**Input material:**
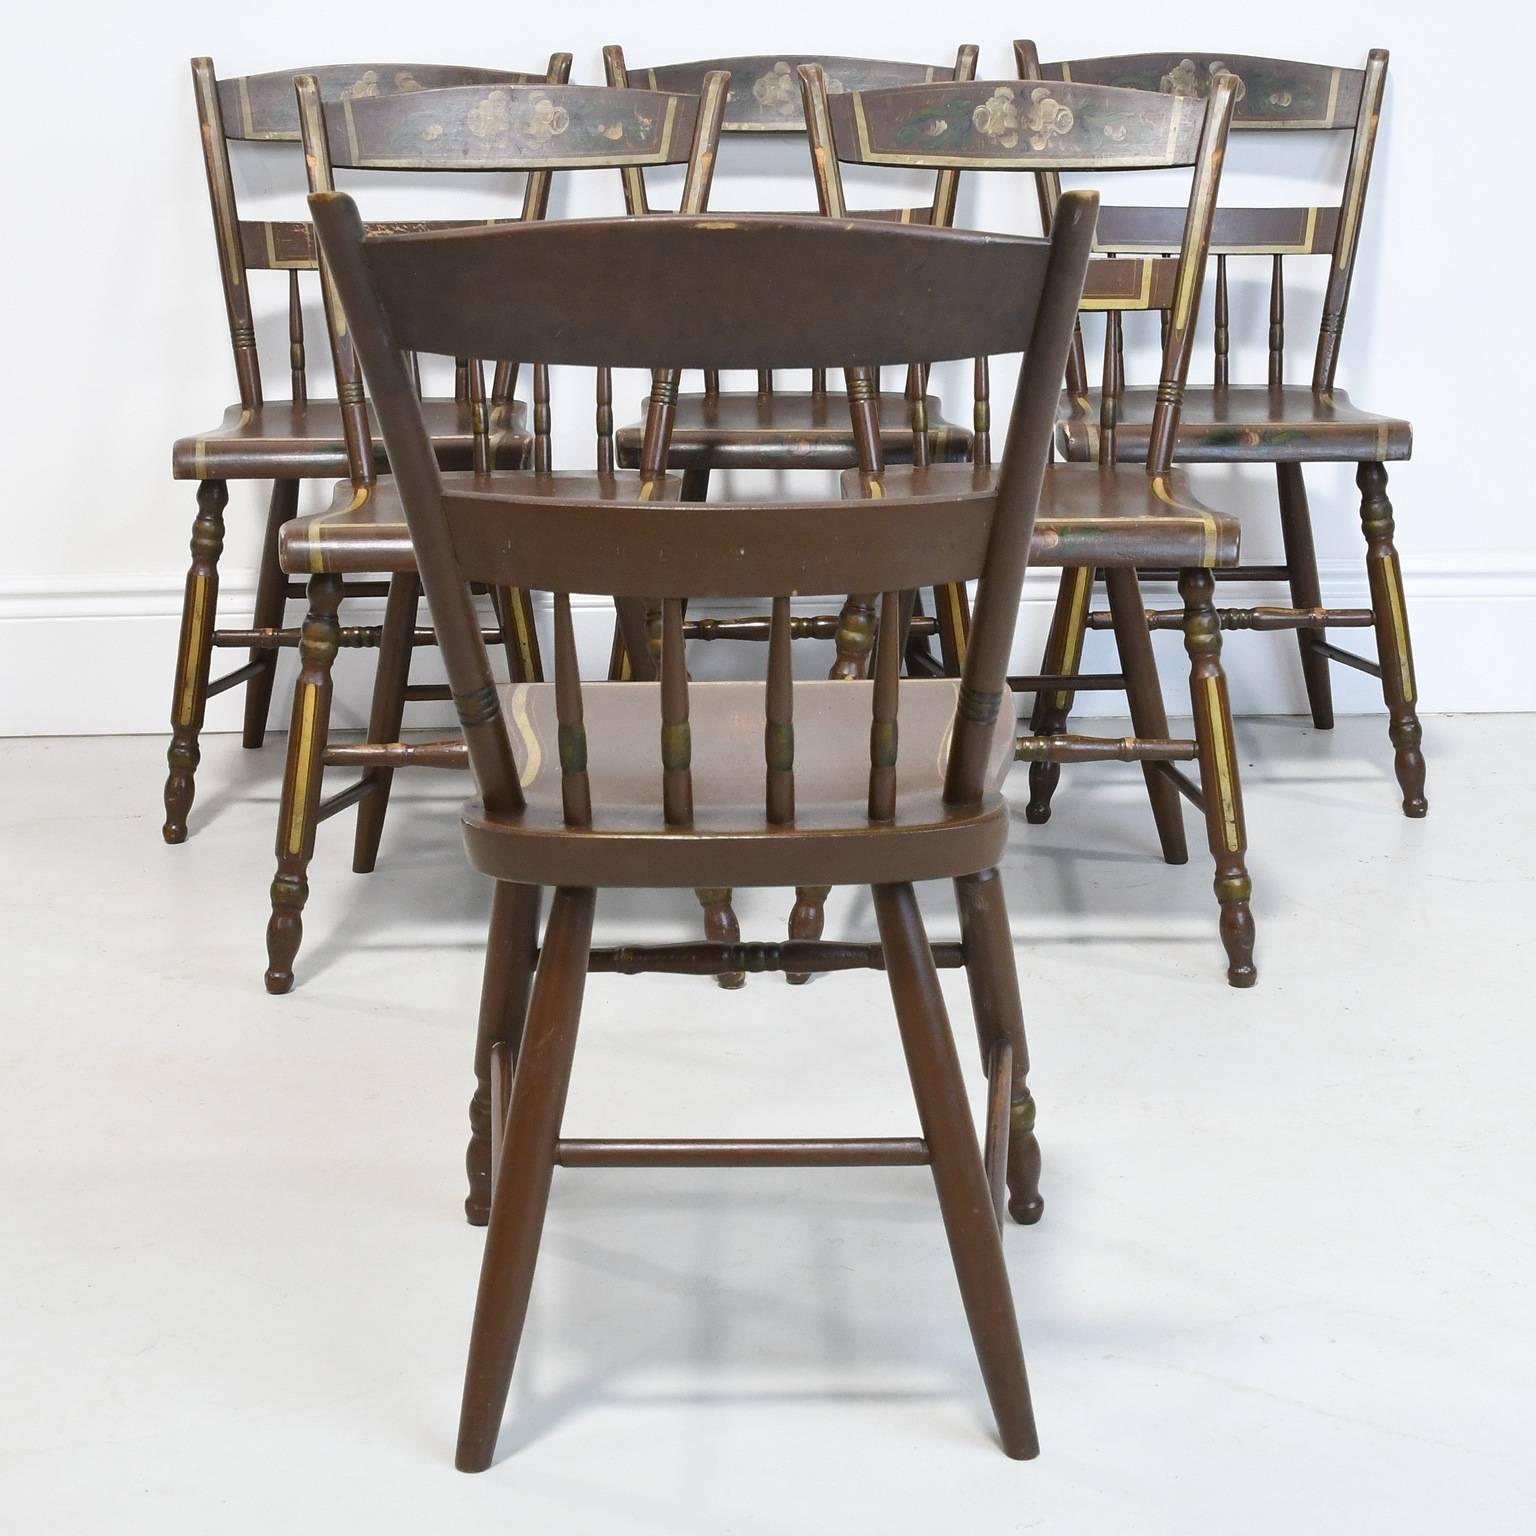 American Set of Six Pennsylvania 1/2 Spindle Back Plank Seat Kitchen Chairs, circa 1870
...
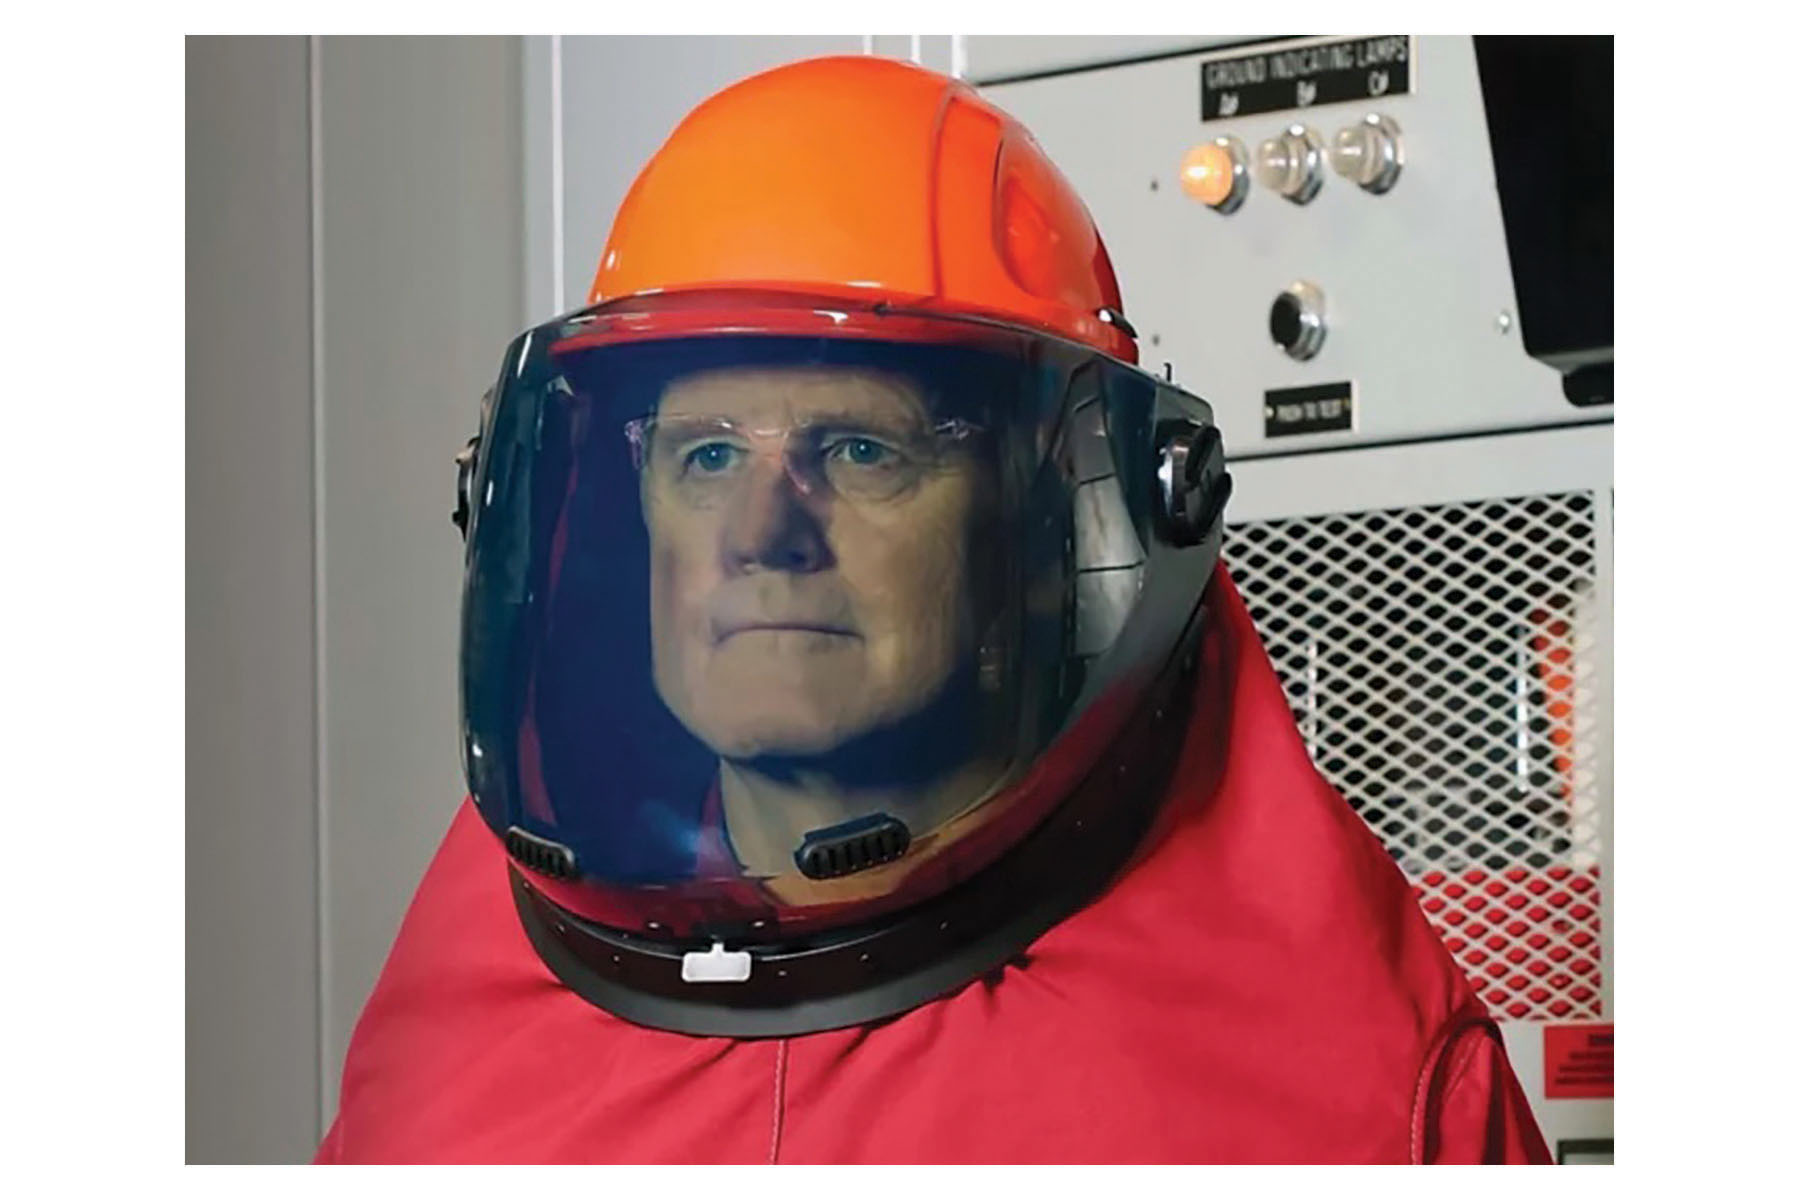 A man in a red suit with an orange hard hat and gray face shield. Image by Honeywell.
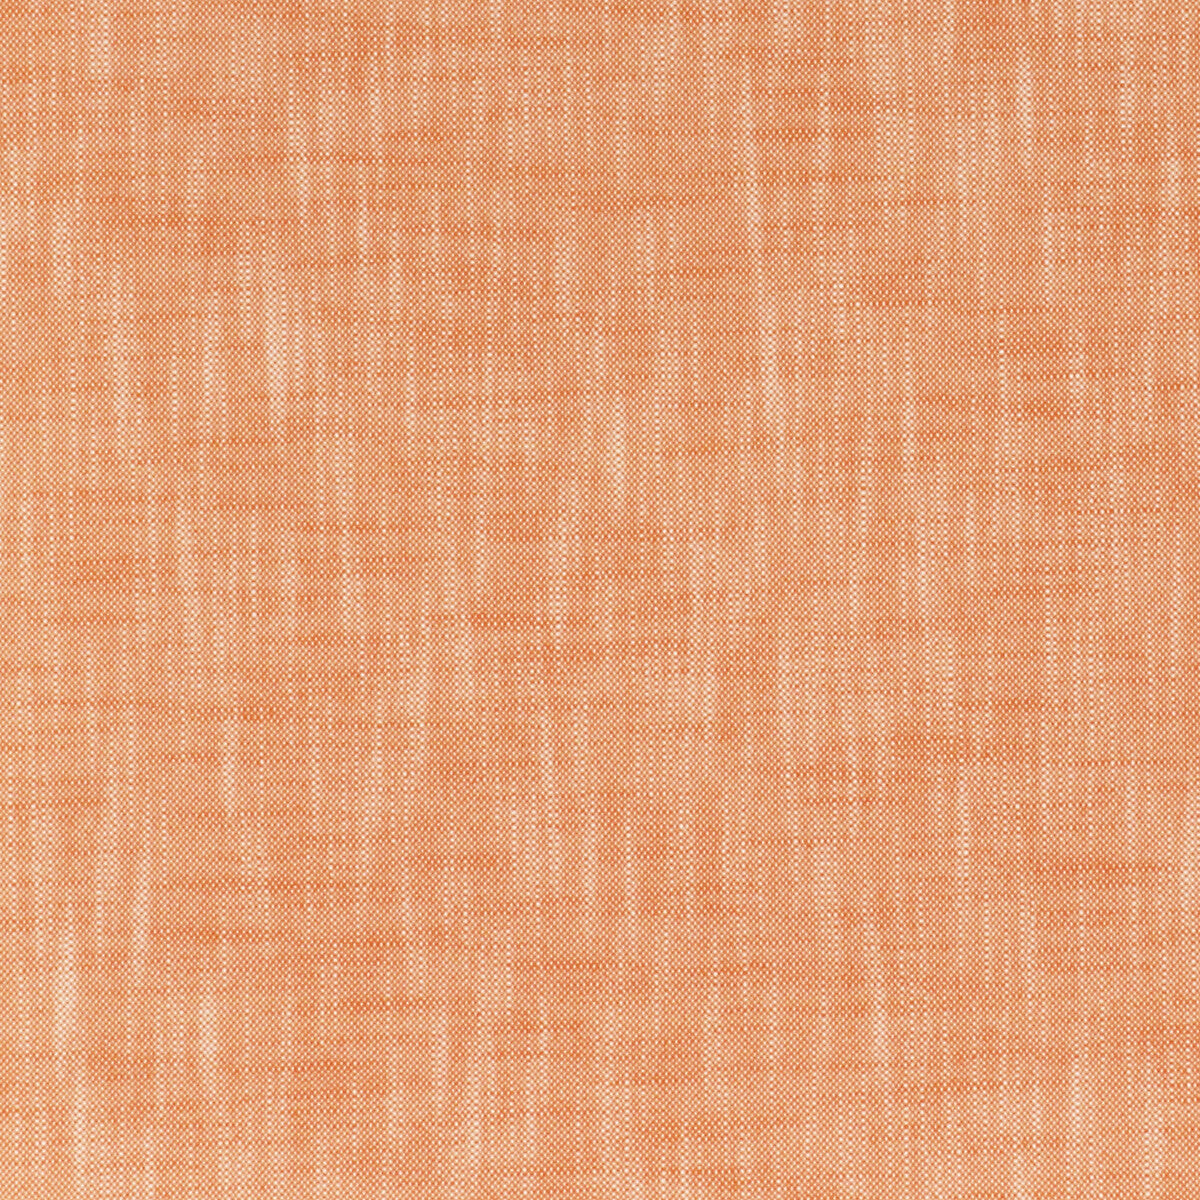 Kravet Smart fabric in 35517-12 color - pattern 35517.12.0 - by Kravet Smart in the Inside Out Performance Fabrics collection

**Exercise:** Copy nothing but the lines above that run from the one with "A man in a red" to the one with "Kravet Smart fabric", ends included; pictures stay out.

**Exercise solution:**
 A man in a red suit with an orange hard hat and gray face shield. Image by Honeywell.
 Kravet Smart fabric in 35517-12 color - pattern 35517.12.0 - by Kravet Smart in the Inside Out Performance Fabrics collection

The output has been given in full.